* **Dataset extract**

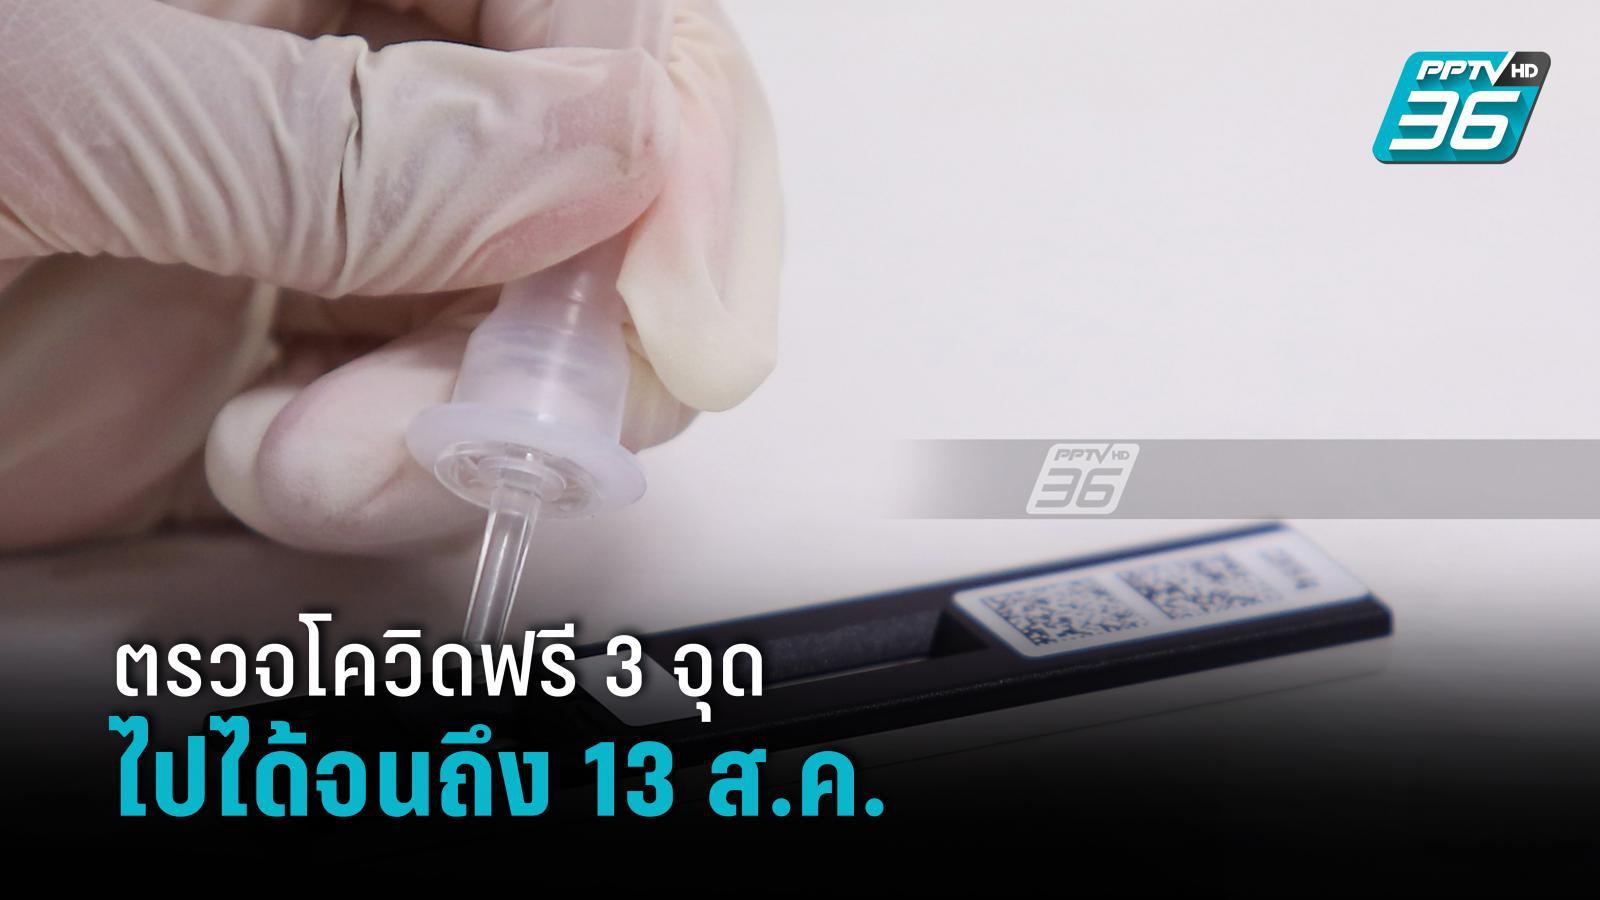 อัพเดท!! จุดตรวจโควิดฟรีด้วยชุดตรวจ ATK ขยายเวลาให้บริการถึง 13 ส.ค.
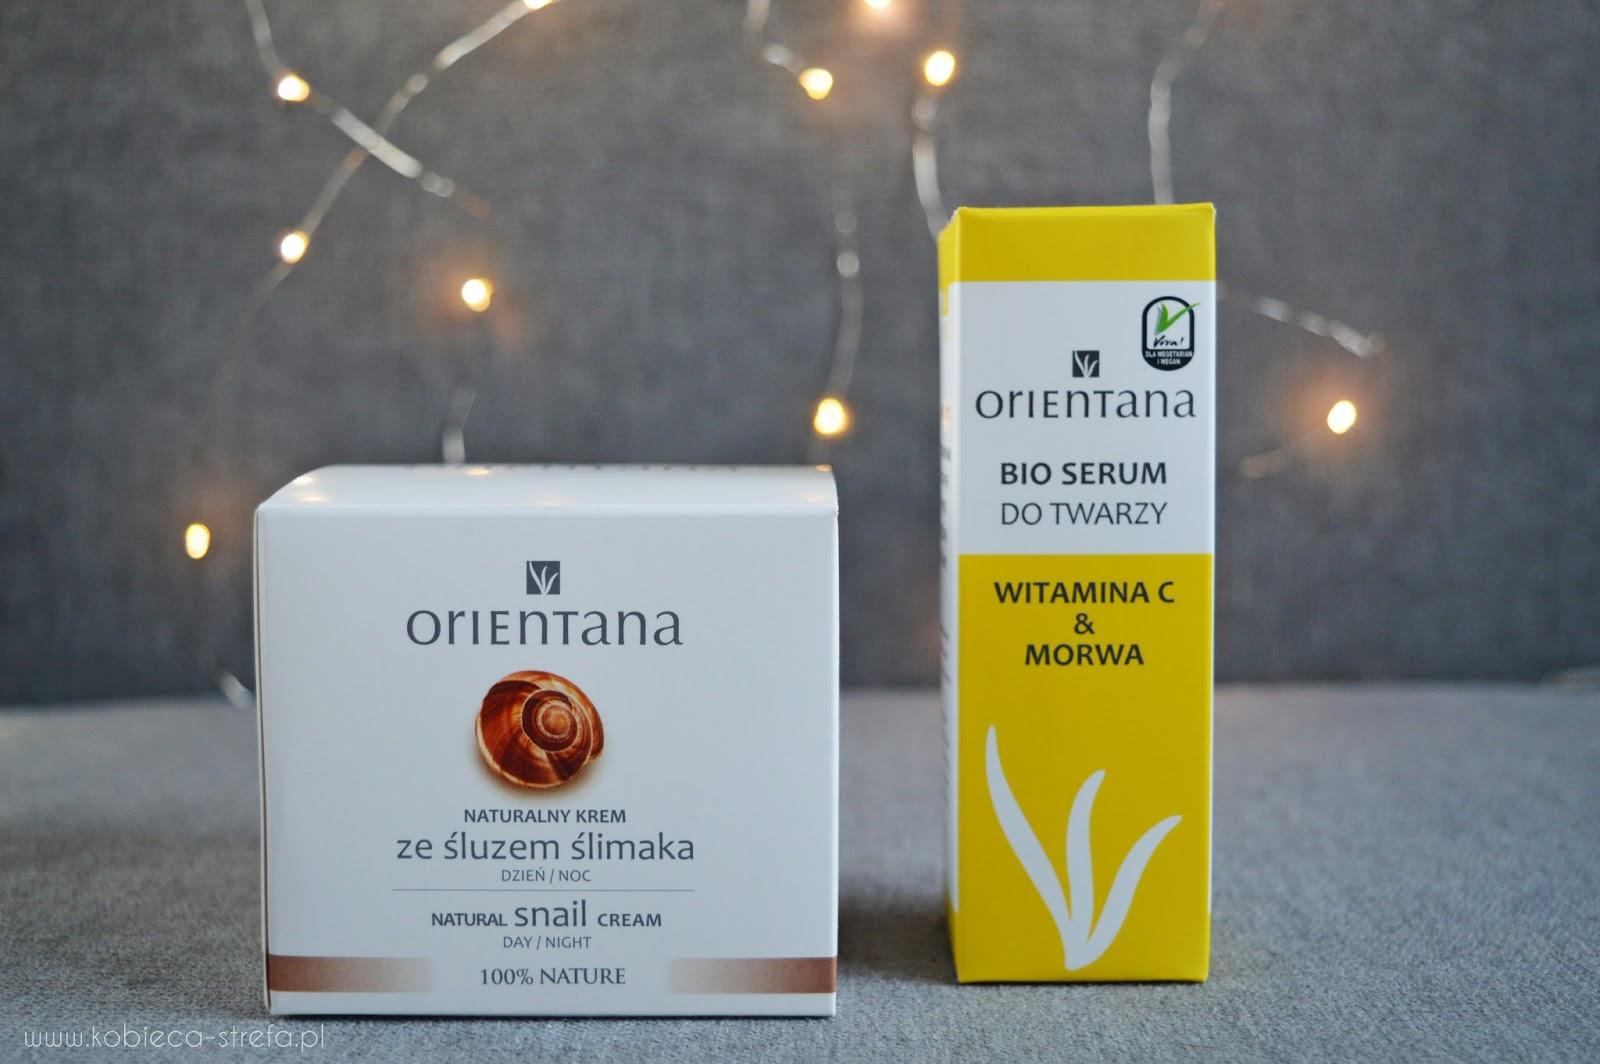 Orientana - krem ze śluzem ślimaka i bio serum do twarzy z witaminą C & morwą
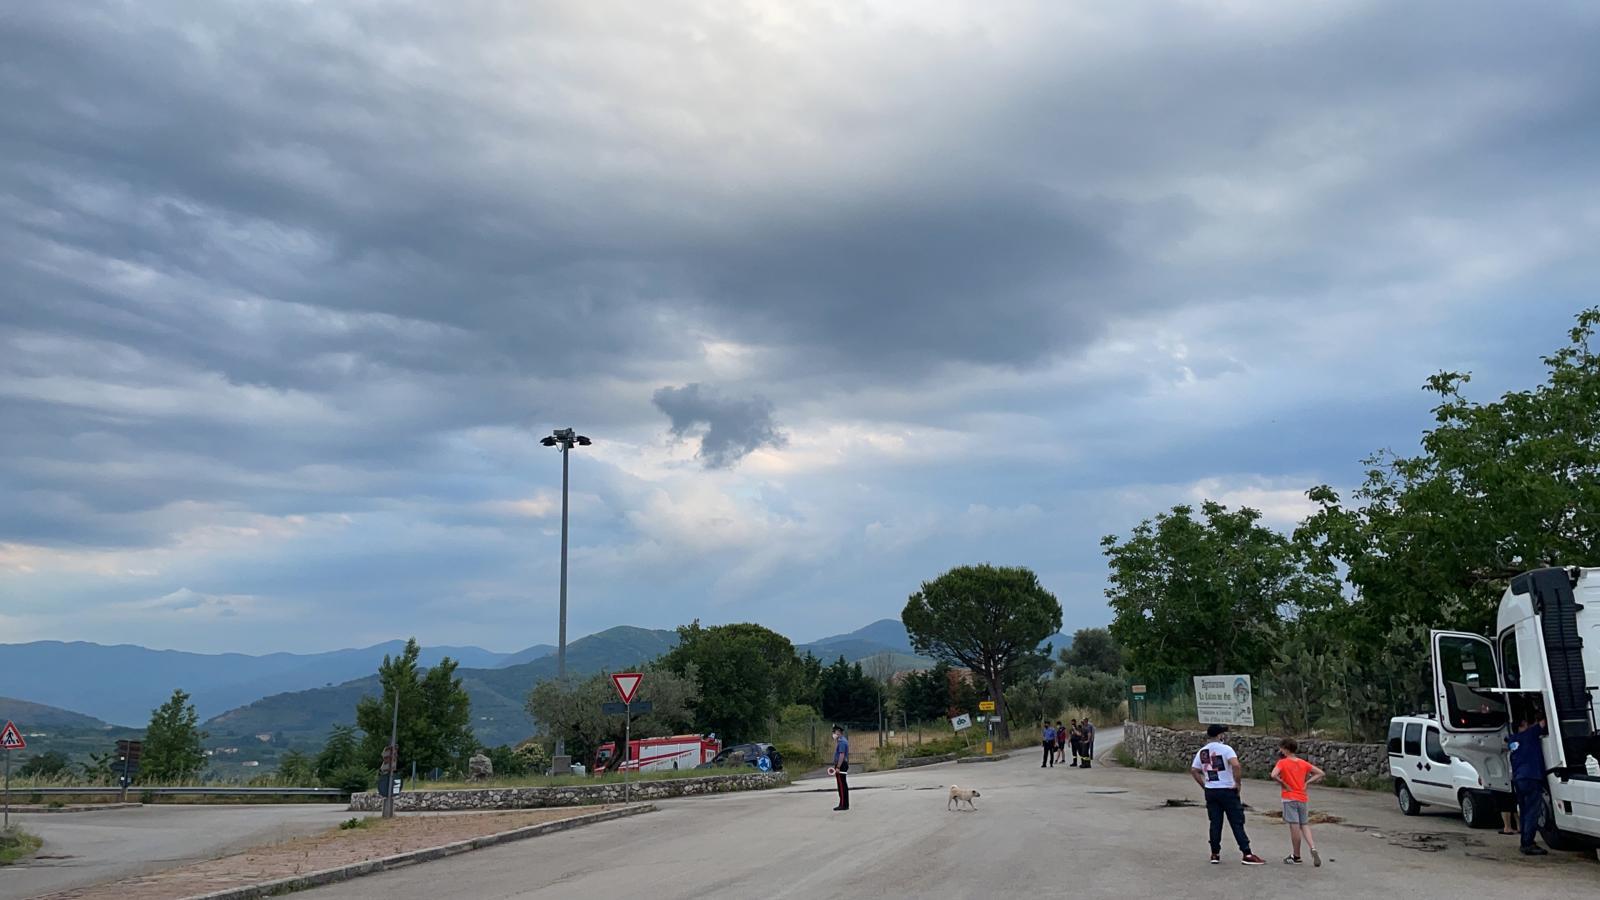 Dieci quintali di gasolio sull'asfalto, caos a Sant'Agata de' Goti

* **What is required**
Write the listing out in full, exactly; no images.

* **Response to this exercise**
 อัพเดท!! จุดตรวจโควิดฟรีด้วยชุดตรวจ ATK ขยายเวลาให้บริการถึง 13 ส.ค.
 Orientana - krem ze śluzem ślimaka i bio serum do twarzy z witaminą C & morwą
 Dieci quintali di gasolio sull'asfalto, caos a Sant'Agata de' Goti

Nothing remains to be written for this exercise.